Pilate asked Jesus, “Are you the King of the Jews?” Jesus gave him a strange answer. he said, “It is you who say so.” Jesus did not say yes or no. What he did say was, “I may have claimed to be the King of the Jews, but you know very well that the interpretation that my accusers are putting on that claim is not my interpretation. I am no political revolutionary. My kingdom is a kingdom of love.” Pirate knew that perfectly well. Pilate went on to question Jesus more, and the Jewish authorities went on to multiply their charges–and Jesus remained completely silent.

There is a time when silence is more eloquent than words, for silence can say things that words can never say.

(i) There is the silence of wondering admiration. [t is a compliment for any performance or oration to be greeted with thunderous applause, but it is a still greater compliment for it to be greeted with a hushed silence which knows that applause would be out of place. It is a compliment to be praised or thanked in words, but it is a still greater compliment to receive a look of the eyes which plainly says there are no words to be found.

(ii) There is the silence of contempt. It is possible to greet someone’s statements or arguments or excuses with a silence which shows they are not worth answering. Instead of answering someone’s protestations the listener may turn on his heel and contemptuously leave them be.

(iii) There is the silence of fear. A man may remain silent for no other reason than that he is afraid to speak. The cowardice of his soul may stop him saying the things he knows he ought to say. Fear may gag him into a shameful silence.

(iv) There is the silence of the heart that is hurt. When a person has been really wounded he does not break into protests and recriminations and angry words. The deepest sorrow is a dumb sorrow, which is past anger and past rebuke and past anything that speech can say, and which can only silently look its grief.
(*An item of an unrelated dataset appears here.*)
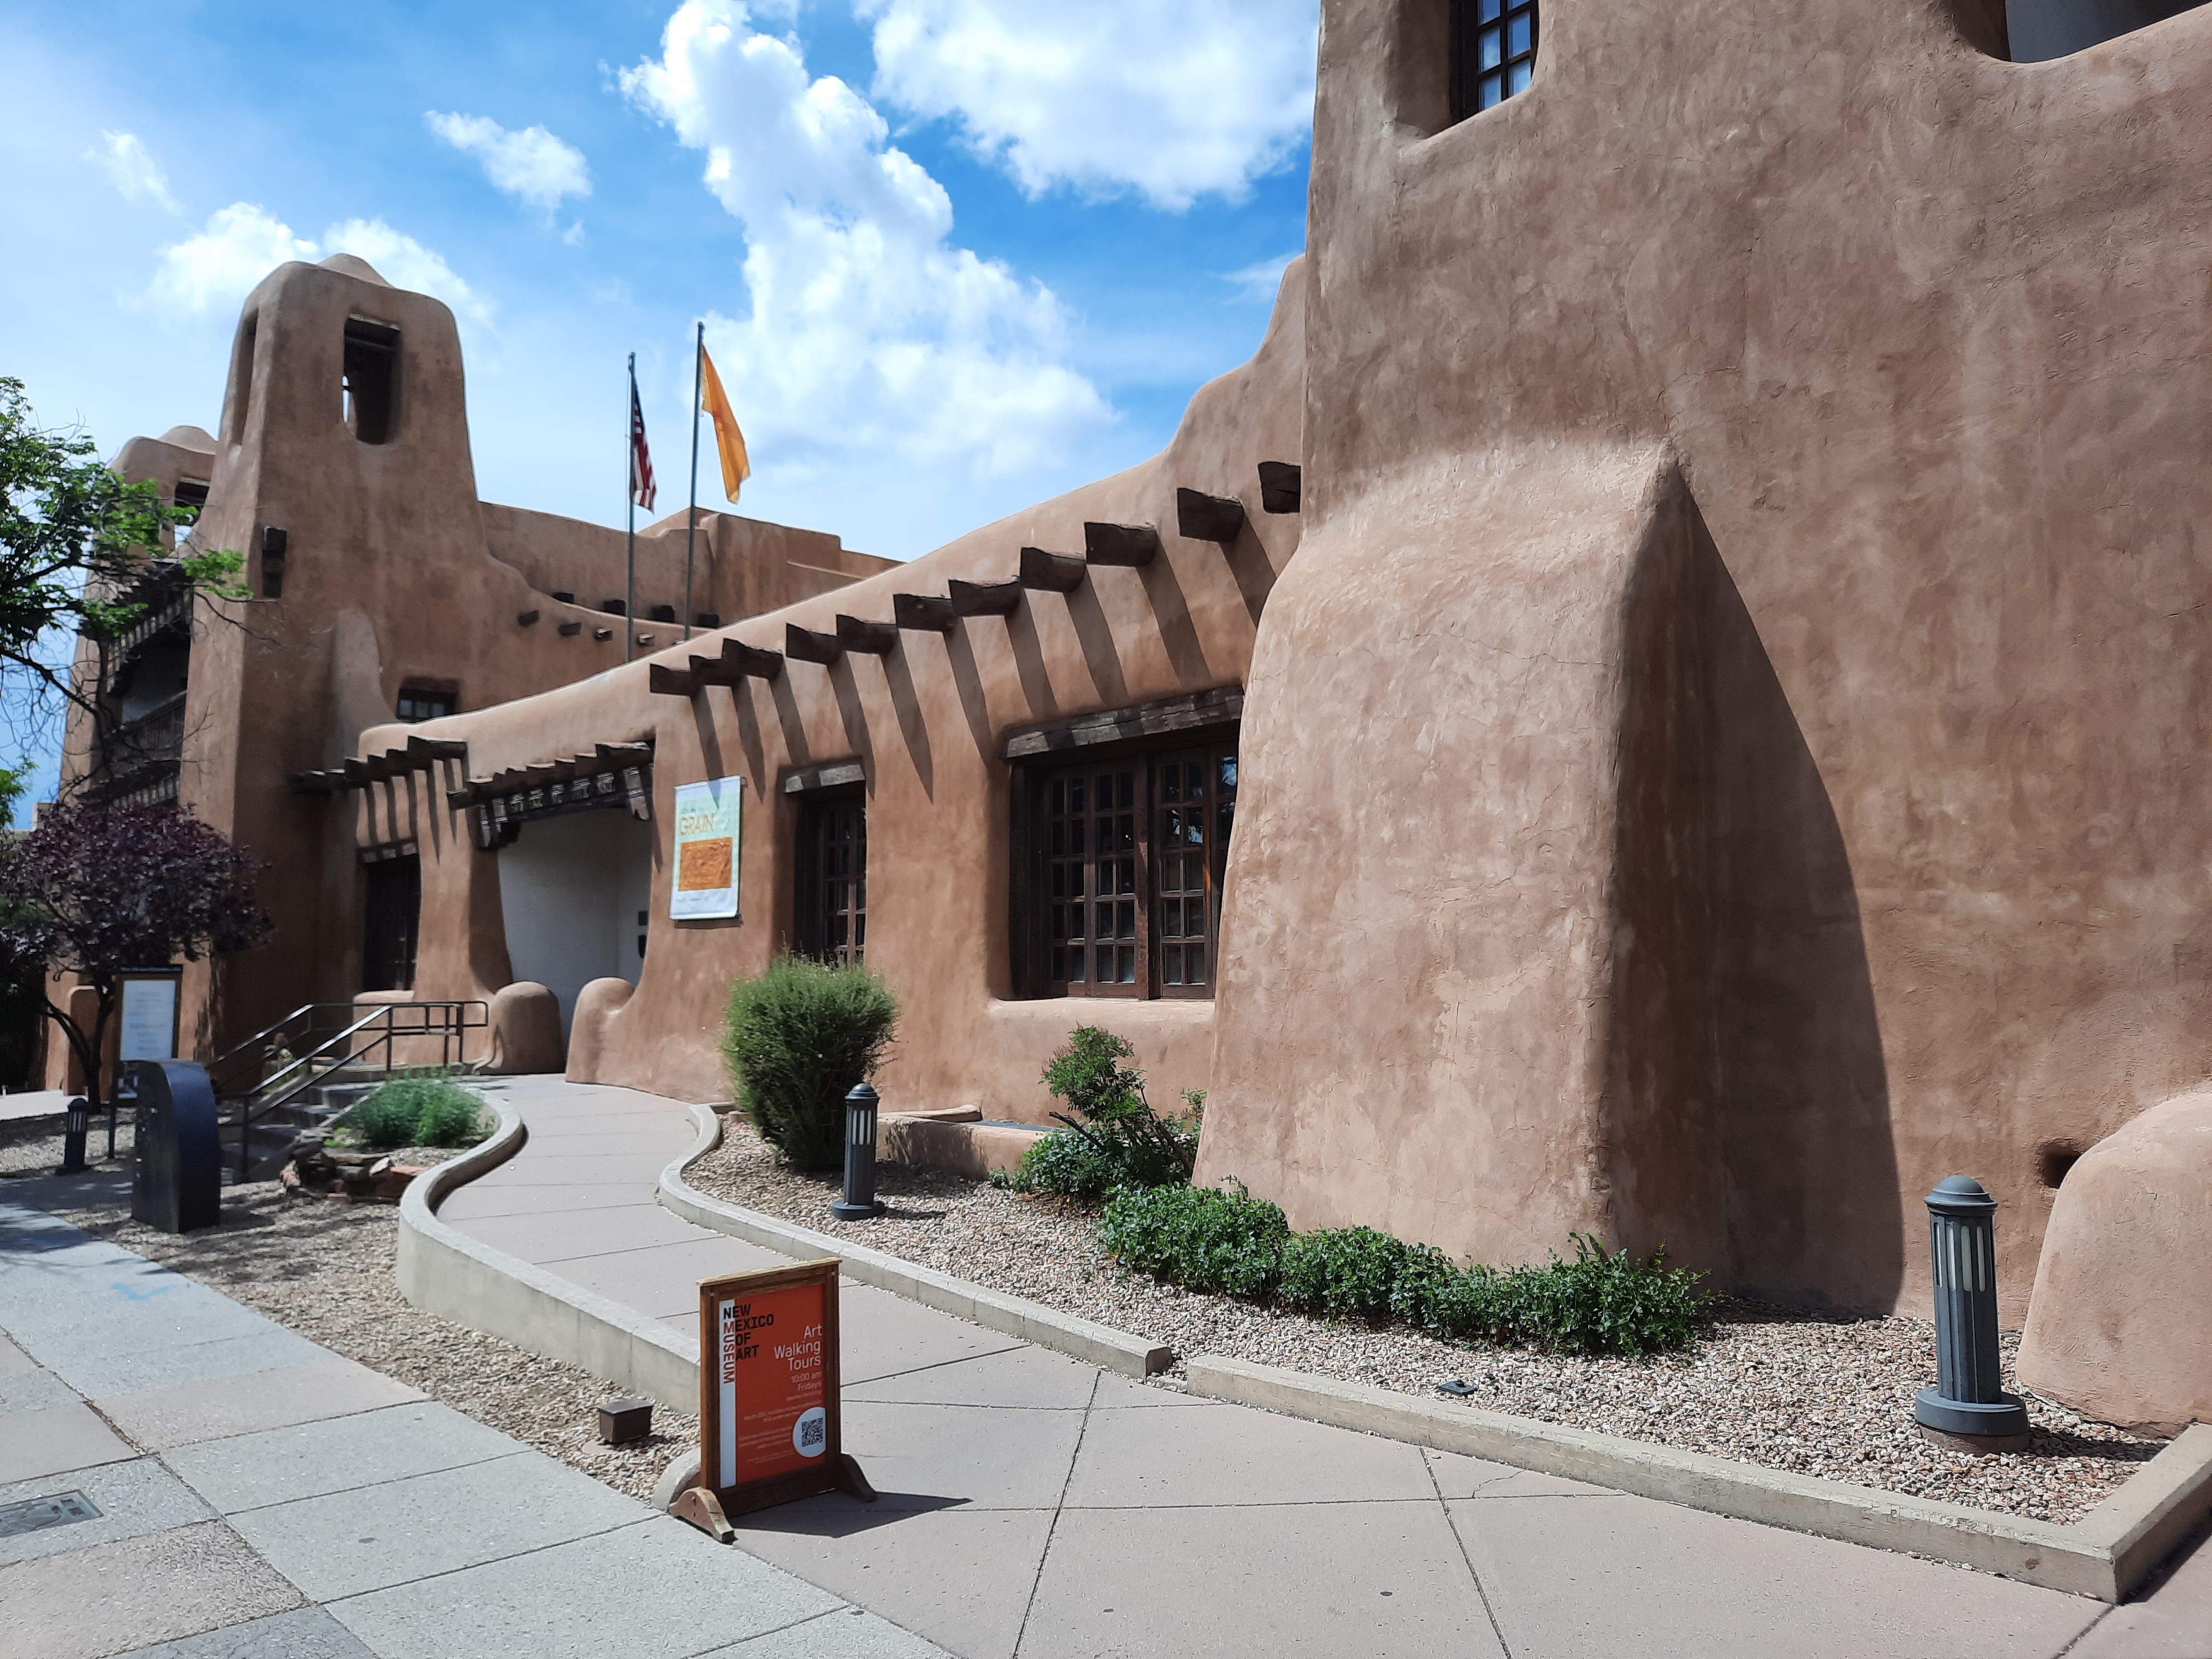 sights and food of Santa Fe, New Mexico 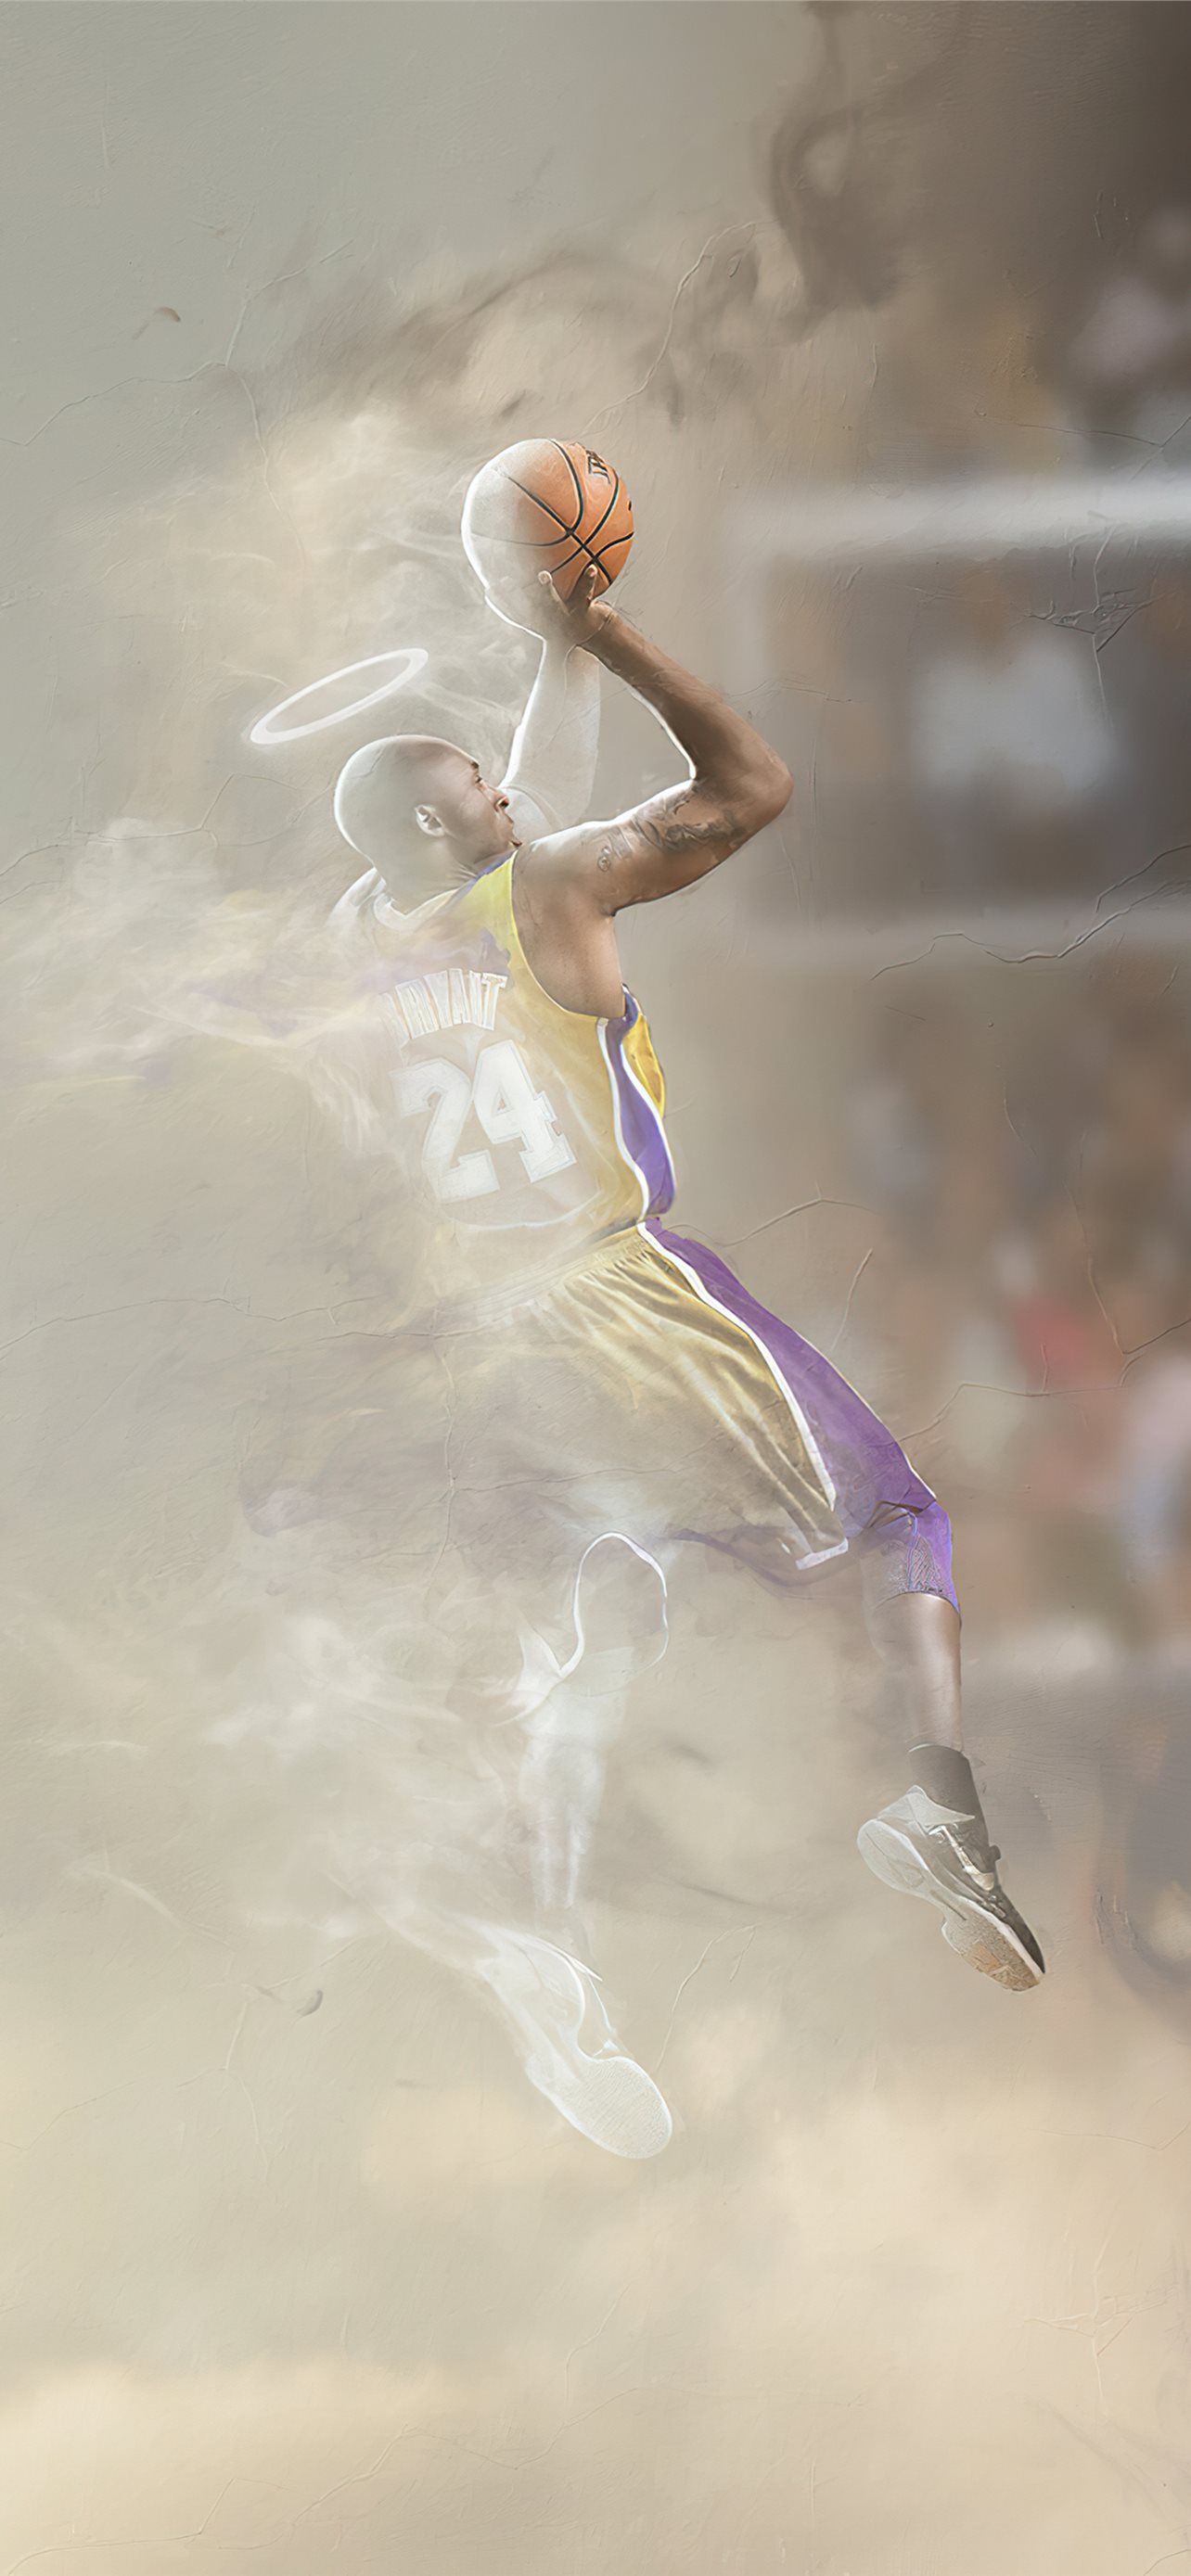 Bạn muốn thể hiện sự yêu thương và tôn trọng của mình với Kobe Bryant thông qua màn hình iPhone của bạn? Tìm kiếm những Best Kobe Bryant iPhone HD Wallpapers trên iLikeWallpaper và cảm nhận sự hùng vĩ và sức mạnh của anh ấy mỗi khi mở màn hình điện thoại.

(v) There is the silence of tragedy, and that is silent because there is nothing to be said. That was why Jesus was silent. He knew there could be no bridge between himself and the Jewish leaders. He knew that there was nothing in Pilate to which he could ultimately appeal. He knew that the lines of communication were broken. The hatred of the Jews was an iron curtain which no words could penetrate. The cowardice of Pilate in face of the mob was a barrier no words could pierce. It is a terrible thing when a man’s heart is such that even Jesus knows it is hopeless to speak. God save us from that!